Ese ‘algo’ llegó en 2020 con el ID.3, el primer eléctrico de Volkswagen desarrollado sobre una plataforma específica. Su lanzamiento marcó el final del e‑Golf, que se retiró tras seis años de vida comercial.
BONUS TRACK: Los que ni siquiera han tenido la oportunidad de nacer…
El coche eléctrico de Sony
Aquí sí estamos ante un proyecto que no llegó a consolidarse. Sony Honda Mobility canceló en marzo de 2026 el desarrollo y lanzamiento del Afeela 1 y de su segundo modelo, alegando que la revisión de la estrategia de electrificación de Honda (del que hablamos a continuación) dejó al proyecto sin piezas clave para seguir adelante.
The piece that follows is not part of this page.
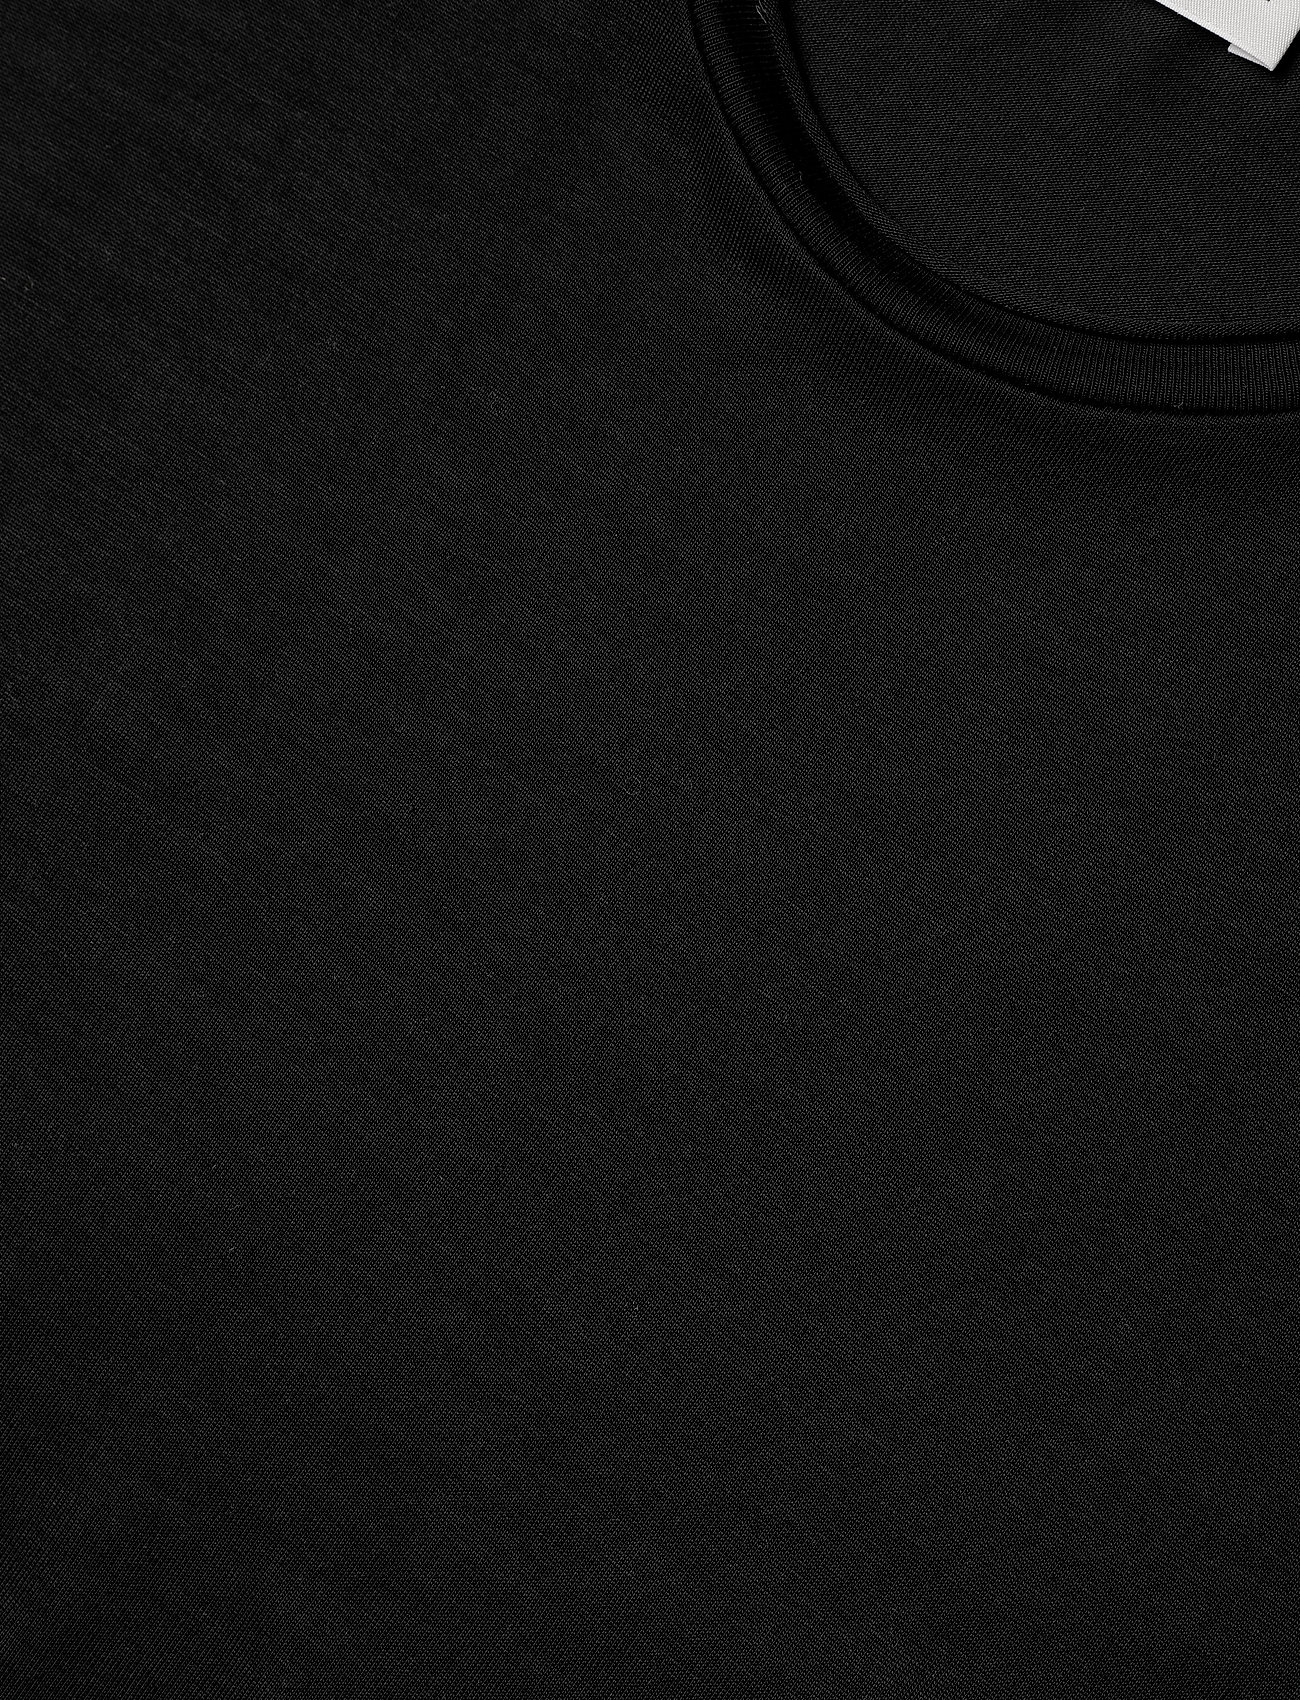 Chalett (Black) (1499.25 kr) - By Malene Birger

Antes de la cancelación, el Afeela se había presentado como una apuesta premium, tecnológica y centrada en software, con entregas previstas y un precio considerable, pero finalmente no vio la luz como estaba planeado. Es uno de los mejores ejemplos recientes de cómo una alianza mediática puede quedar bloqueada por cambios de estrategia industrial.
Honda: Ni uno, ni dos… sino tres eléctricos que tendrán que esperar
Honda ha sido uno de los casos más recientes en dar marcha atrás, cancelando en 2026 el desarrollo de tres modelos clave para la marca en Norteamérica: el Honda 0 SUV, el Honda 0 Sedán y el Acura RSX (o RDX EV). La razón principal fue una revisión estratégica hacia híbridos, pérdida de competitividad y contexto económico adverso, como la desregulación de emisiones en EE.UU. Esta retirada se estima que ha supuesto una suma de unos 22.500 millones de dólares en impacto financiero, mostrando cómo incluso gigantes japoneses se replantean su hoja de ruta hacia la electrificación de la gama.